One advantage of the virtual world is that you could instantiate a monitoring point as software somewhere convenient, and either connect it to a “T” you kept in place at specific locations, or cross-connect by rerouting. The only issue with this approach is the same issue you can run into with remote monitoring today—the time delay that’s introduced from the point of “tapping” the flow to the point of viewing the monitoring could be an issue. However, if you aren’t doing test injection at the monitoring point the issues should be minimal, and if you are then you’d need a more sophisticated remote probe to install so you could enter responses to triggers that are executed locally.
Another aspect of “virtual T&M” is applying T&M to the control APIs and exchanges associated with SDN or NFV. This has been a topic of interest for many of the T&M vendors, and certainly the failure of a control or management path in SDN or NFV could present a major problem. Operators, in fact, are somewhat more likely to think they need specialized T&M support for control/management exchanges in SDN and NFV than in the service data path. That’s because of expected issues with integration among the elements at the control/management protocol level.

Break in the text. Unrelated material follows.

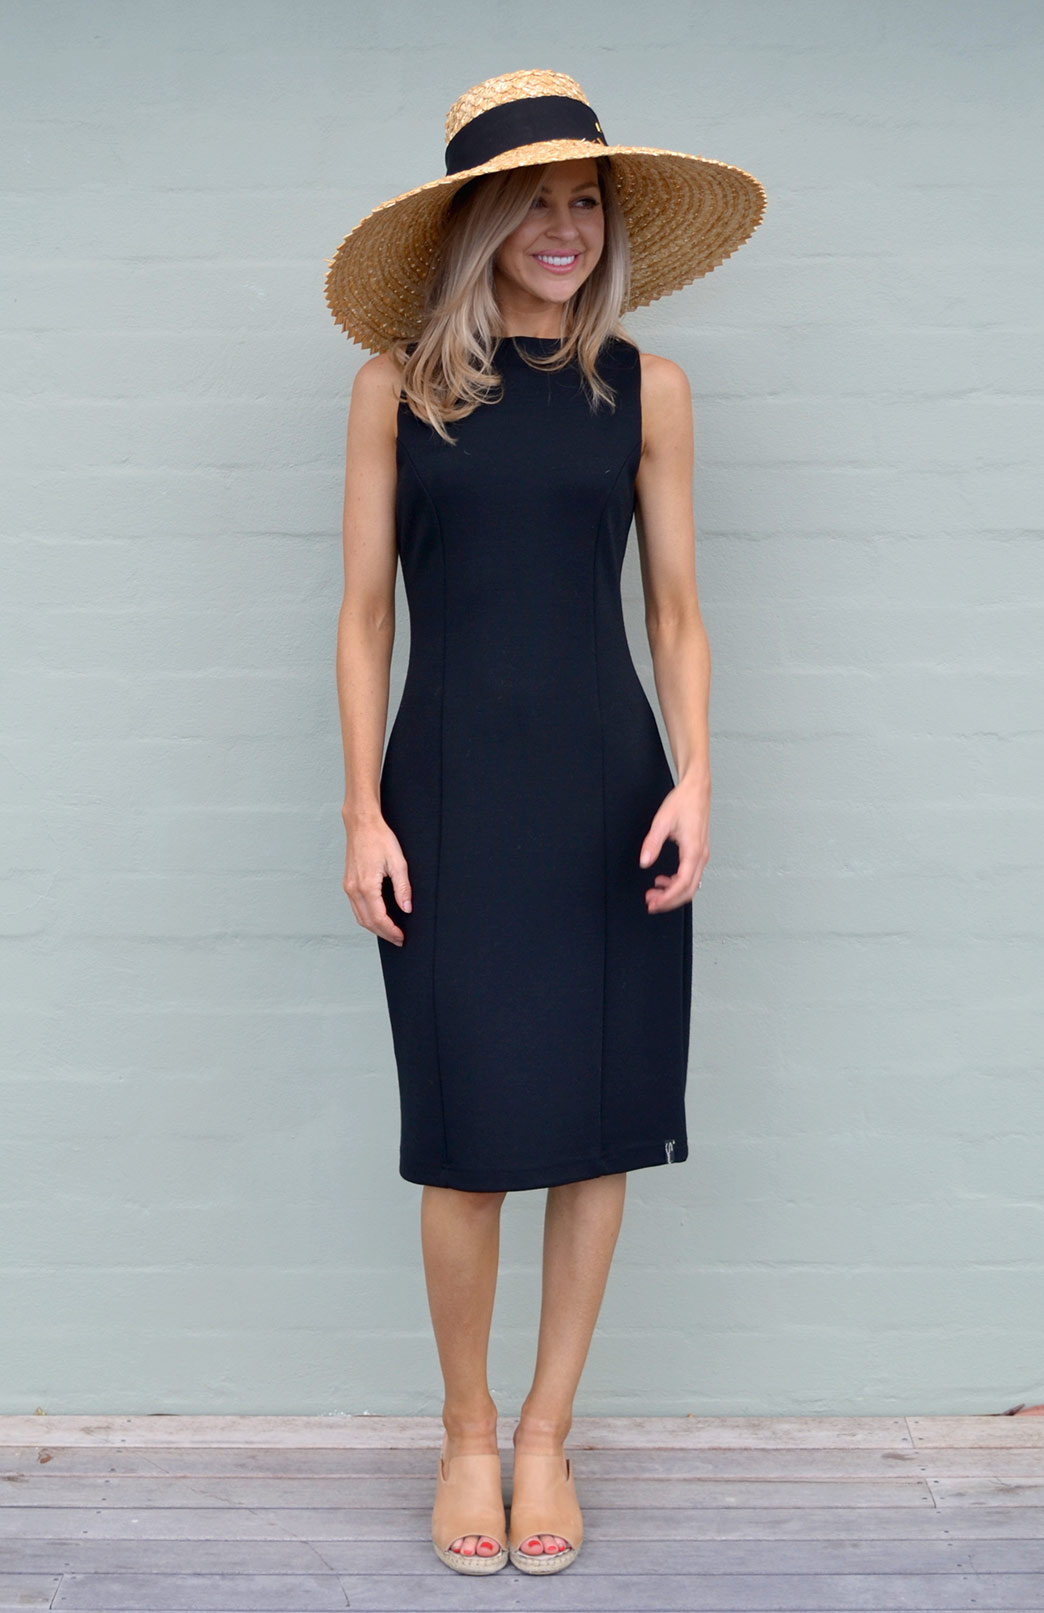 Missi Dress - Women's Black Merino Wool Ponte Dress with Full Back Zip and High Neckline - Smitten Merino Tasmania Australia

Most of the technology and strategy behind virtual T&M is the same whether we’re talking about the data path or the control/management plane. However, there are profound issues of security and stability associated with any monitoring or (in particular) active intervention in control/management activity. We would assume that T&M would have to live inside the same security sandbox as things like an SDN controller or NFV MANO would live, to insure nothing was done to compromise the mass of users and services that could be represented.

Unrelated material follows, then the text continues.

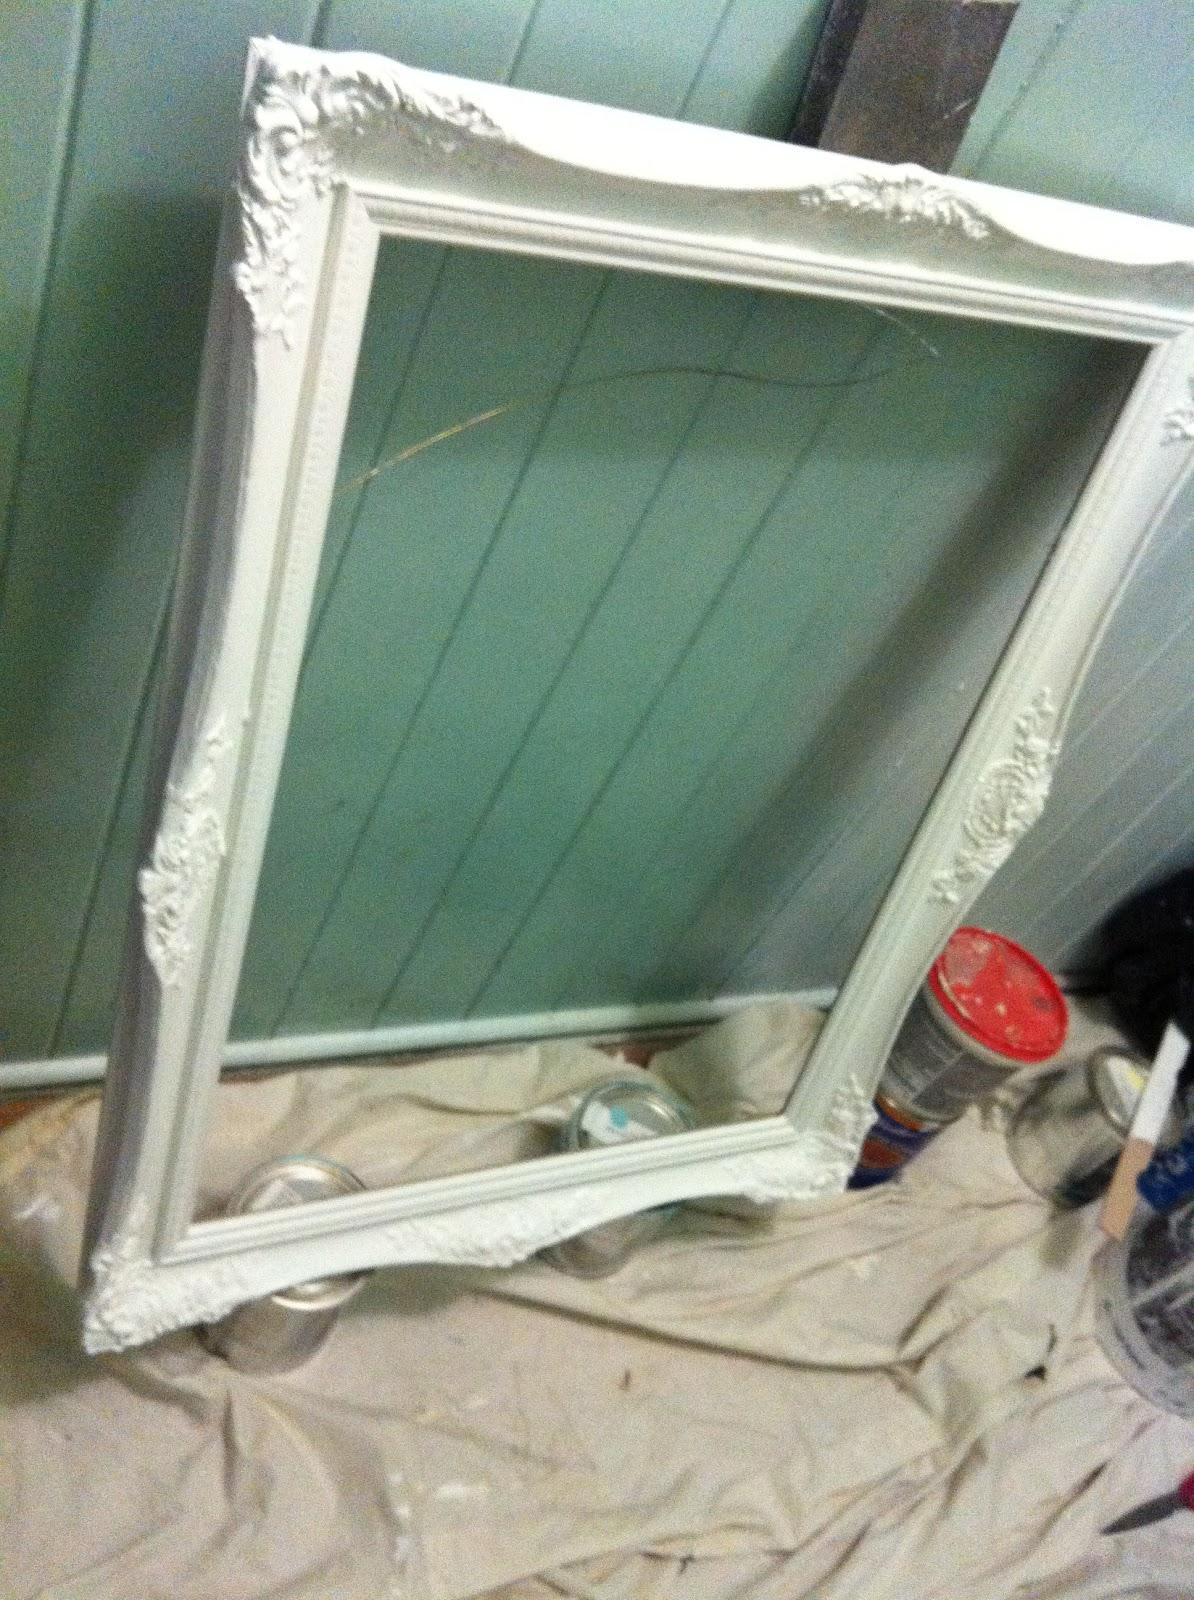 Divine Decor on a Dime: How to make a Framed Chalkboard

Overall, the biggest impact of virtualization trends on T&M is the fact that a big goal for virtualization is service lifecycle automation. If that’s taken seriously, then more of what T&M does today would migrate into a management function that generated events to drive software processes, not technicians. In addition, the T&M processes related to device testing are probably far less relevant in an age where the device is virtual and can be reinstantiated on demand. But virtualization also lets T&M create what is in effect a virtual technician because it lets you push a probe and test generator anywhere it’s needed. Will the net be positive or negative? I think that will depend on how vendors respond to the challenge.